We called them that because their pursuits were ‘holy’. Lettice was an artist at arranging church flowers in uncompromising brass vases & took hot nourishing dishes to the sick and the poor. Emmie dealt with the choir. She rattled them and bullied them into singing but her own magnificent voice had more to do with it than anything else. Of wonderful volume, purity and compass, it nevertheless had not one ounce of sympathy or tenderness; & to hear her singing the Indian love lyrics was an astonishing experience.
She was a grand figure of a woman, but manlike in the simplicity of her life and dress. A wonderfully sweet smile redeemed the severity and ruggedness of her countenance & her crowning glory was in very truth her hair – Five silken tresses of a glorious golden colour were wound in thick plaits round her head. Sometimes I would ask her to undo it and it would float around her like a cascade of golden light to below her knees. She was the man of the party and the other two Nevins sisters used jokingly to be called her two wives.
Emmie Tatham, the youngest of a large family lived with her aged mother. Miriam and Lettice Nevins looked after their widowed mother in a small cottage in Hammersley Lane. In 1916 Mrs Nevins died & these two unmarried daughters went to live with the Tathams. The death soon after of Mrs Tatham made no difference to the menage, & the three women continued to live together. Emmie and Lettice were inseparable & shared a bedroom and a bed. Lettice ran the house – busy, narrow minded and thin lipped, she was not a favourite but she was extraordinarily capable and good at her job, loyal and possessed of a heart of gold. Miriam, the odd man out, was loved by everyone and Emmie was always very tender towards her.
She, of all of them could have rightly been called a Holy Woman, for she was goodness itself.

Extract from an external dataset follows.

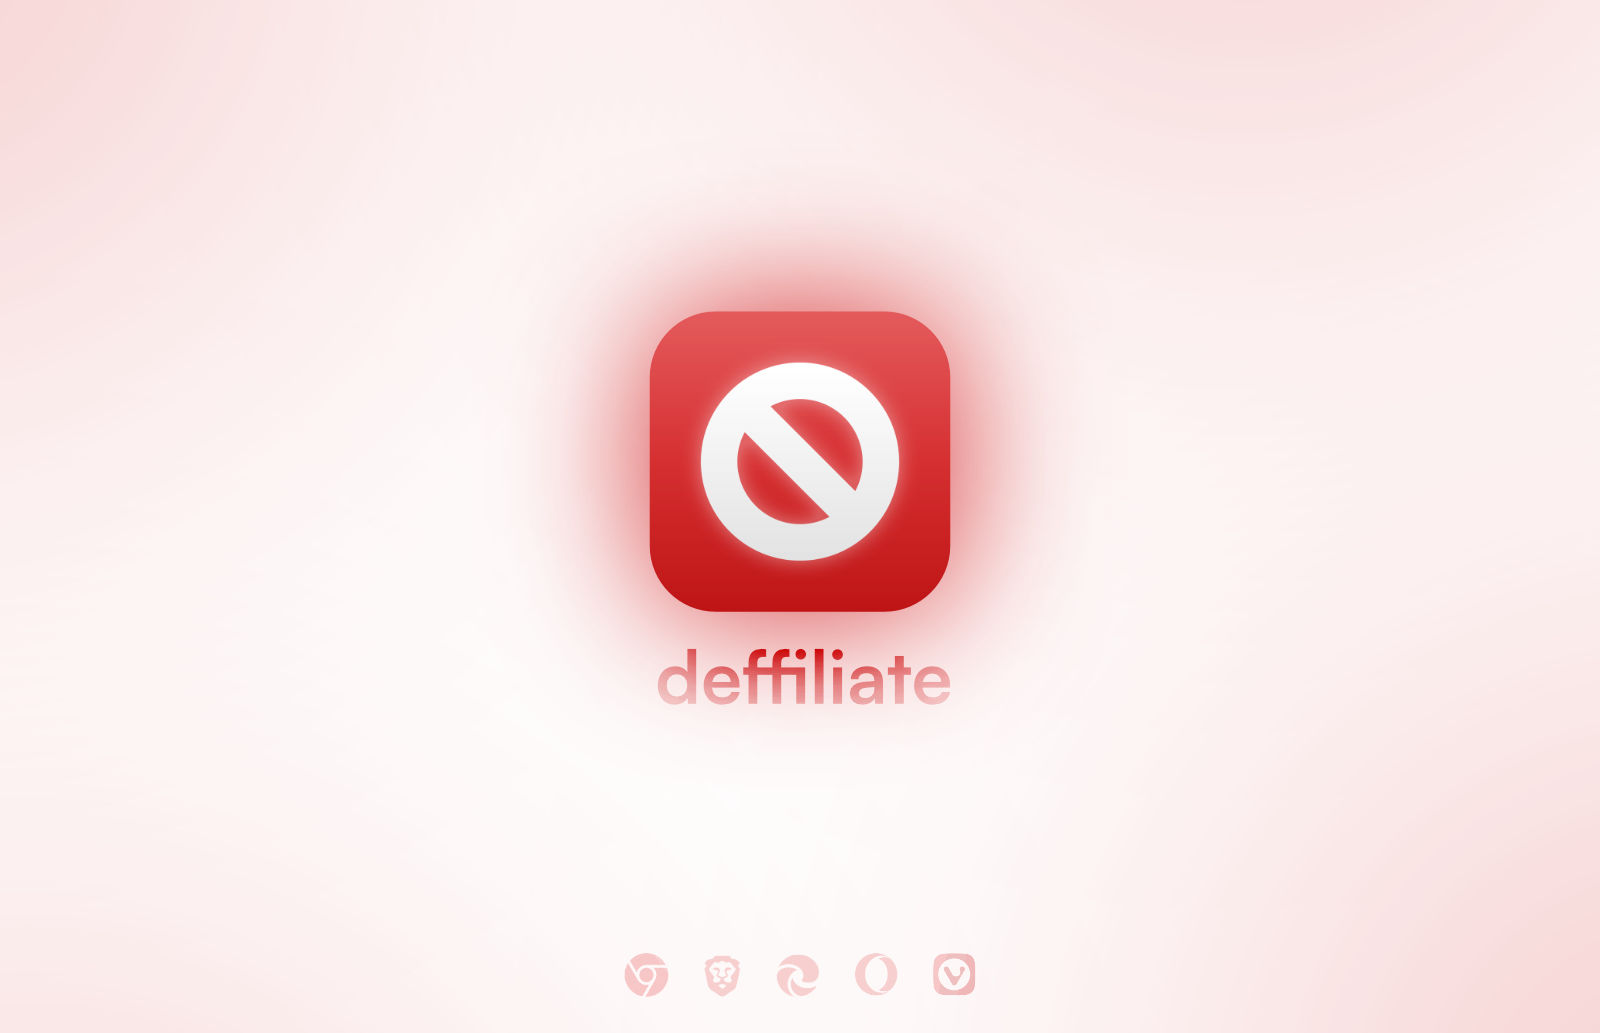 demo_deffiliate.jpg
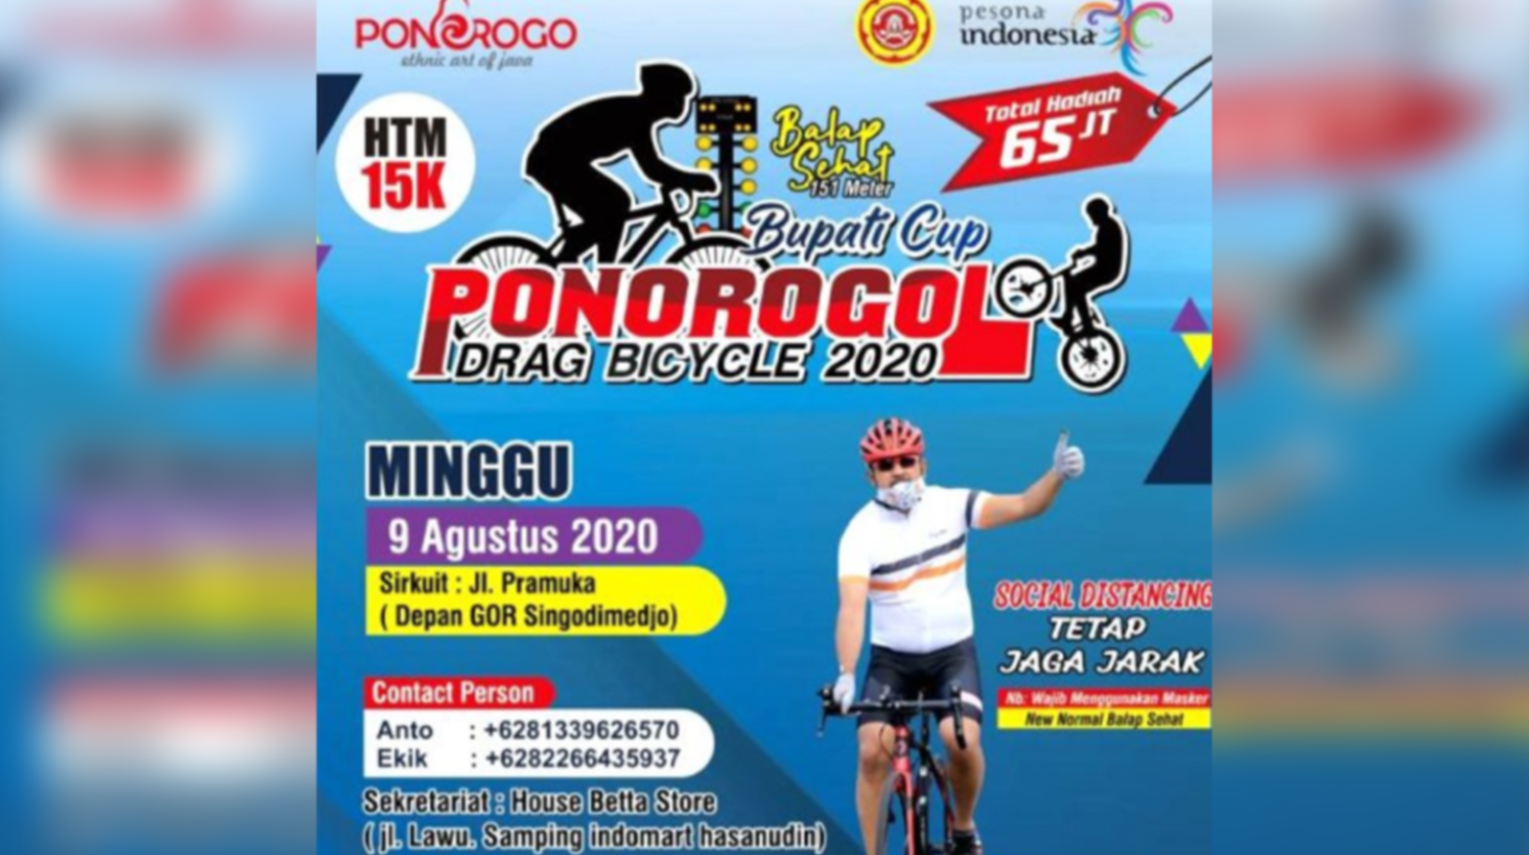 Poster Bupati Cup Ponorogo Drag Bicycle 2020. (Foto: Istimewa)

She kept the household sane and sweet, for all her self effacement & humility. & her own innate sweetness gave a dignity to the difficult position she filled so happily. Miriam’s share of the household duties was to act as scribe & help in the garden – they all gardened, but Emmie did the lion’s share.
Occasionally they would ask me to spend an evening with them. The 2 ‘wives’ would be sitting sewing or mending, while Emmie, snug in a velvet jacket would enjoy her evening pipe. Presently she would read to us from a book on Italian travel or from a criticism on the pictures of the Italian school.
I missed Emmie most. She was a strong healthy creature – Downright in thought & word, honest in all her doings & with a gift of comradeship which she gave to those who had won her affection.